# What's going on for 2019 Halloween where you're at?



## Daisy (Oct 27, 2019)

Not sure what I'm doing personally, might go down to Nola or something where I'm at. Or nothing ::sour::. Either way I'd like to hear some of your plans and favorite places. It is that festive satanic time of year again.


----------



## EphemeralStick (Oct 27, 2019)

While I'm sure you're aware of my thoughts on the matter, I'ma say it anyways. 

Come to NOLA! I miss your handsome mug!


----------



## FuckinBum (Oct 27, 2019)

me, personally, have no plans whatsoever. prolly getting drunk and telling little kids to get off the lawn i dont have.

but knowing my area, there will be a spike in drug-n-alcohol use and an unusual amount of man-on-man sodomy, even for here.

the tweekers will know the shadow people by the end of halloween, i can guarantee that.

EDIT: @EphemeralStick is already got a head start, with 1,666 posts! sail hatin!


----------



## Hazardoussix6six (Oct 27, 2019)

I should be in Savannah GA with my road dog, not by choice mainly just cause we got bogged down in Jacksonville for a bit. Shld be a good time tho!....hopefully.


----------



## roughdraft (Oct 27, 2019)

probably gonna pull out the headlamp and go creepin for groundscores between the hours of 3 and 6am


----------



## Groundscore (Oct 27, 2019)

roughdraft said:


> probably gonna pull out the headlamp and go creepin for groundscores between the hours of 3 and 6am



That is exactly my plan! Would be even better if it fell on a Friday or Saturday, then again those are always good times to search for dropped stuff around the bars and such.


----------



## Crazy Hobo Johnny (Oct 27, 2019)

Unfortunately I'll be playing with the ghosts on the third floor and down in the basement at work on 3rd shift! Something about that 3rd floor no one likes to go to. It's an empty office space. But employees have reported some weird stuff up there and you always have that feeling something 
is watching you!


----------



## roughdraft (Oct 27, 2019)

Groundscore said:


> That is exactly my plan! Would be even better if it fell on a Friday or Saturday, then again those are always good times to search for dropped stuff around the bars and such.

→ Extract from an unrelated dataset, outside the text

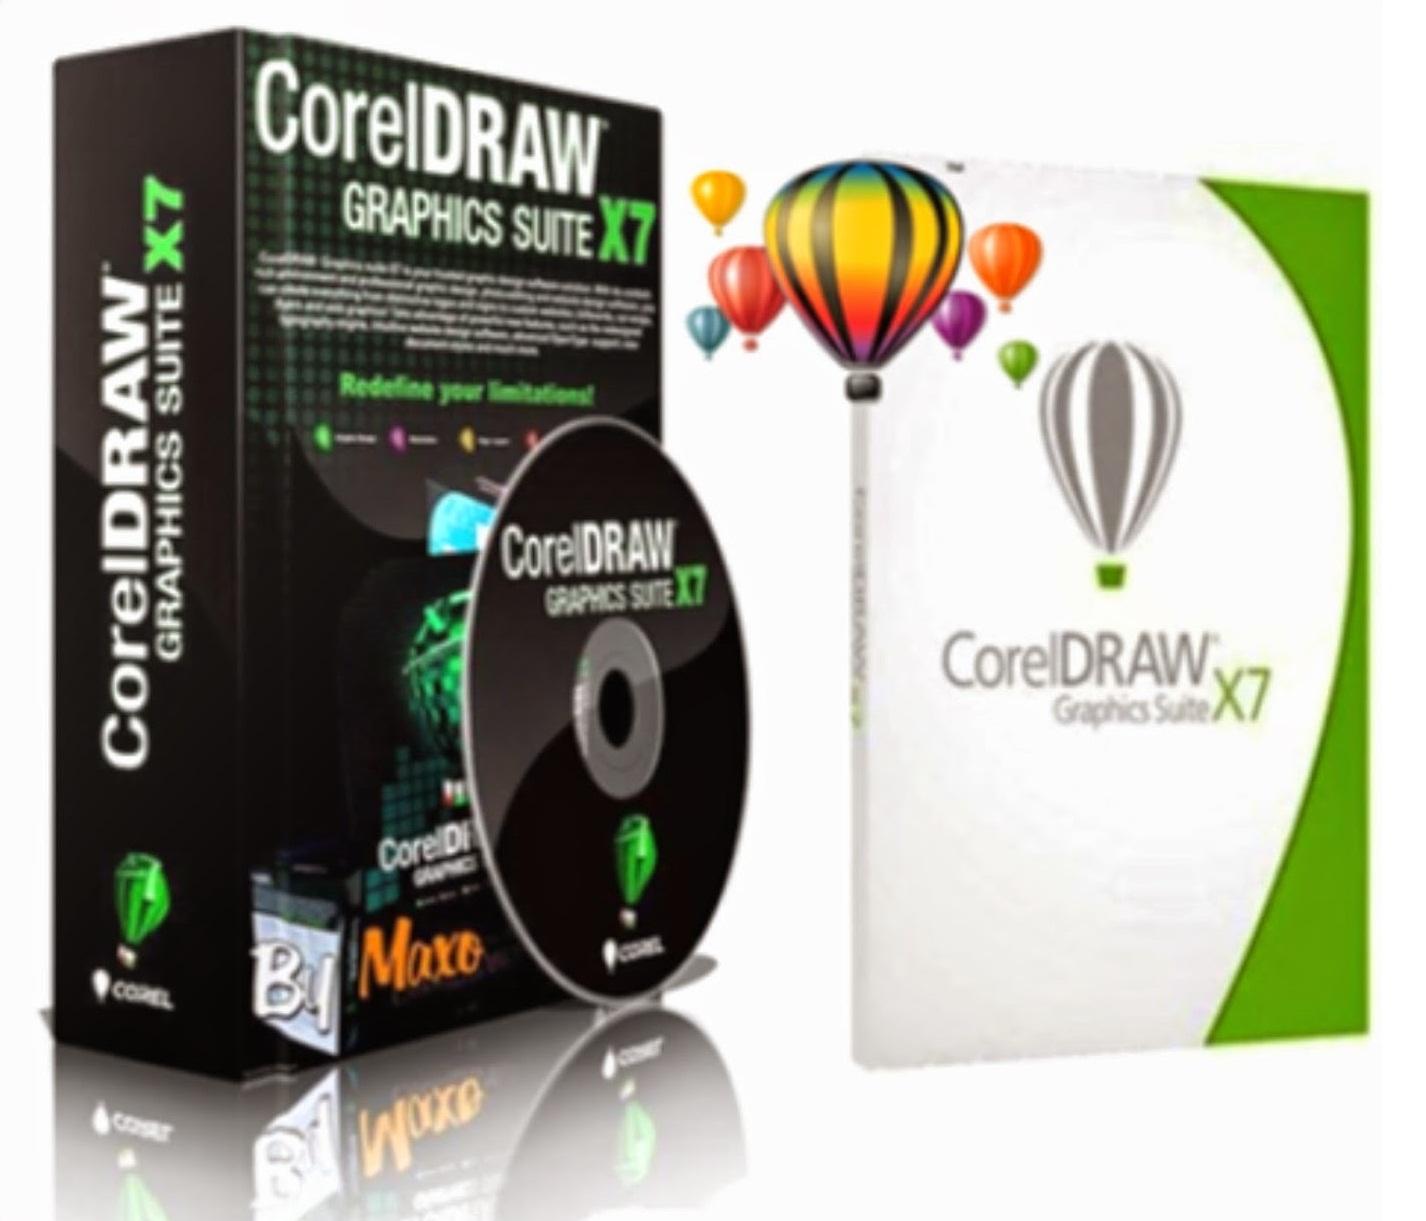 Download Corel Draw X7 Full Version Free Keygen Terbaru Anoing Guys

yeah baby - my sleep schedule has been pretty much 9pmish to 5amish the past month, so I am gonna try to conk out around 7pm here, have the coffee brewing by 2:50 and roll out. I am workin in a college town so 'thirsty Thursday' and Halloween coinciding will be extremely fortuitous I hope


----------



## salxtina (Oct 27, 2019)

queer dance party burlington


----------



## Puke Mcvomit (Oct 28, 2019)

Iggys memorial in Charlottesville va


----------



## Matt Derrick (Oct 29, 2019)

i'll be partying with @EphemeralStick @Daisy and @Geraldo in nola for sure.


----------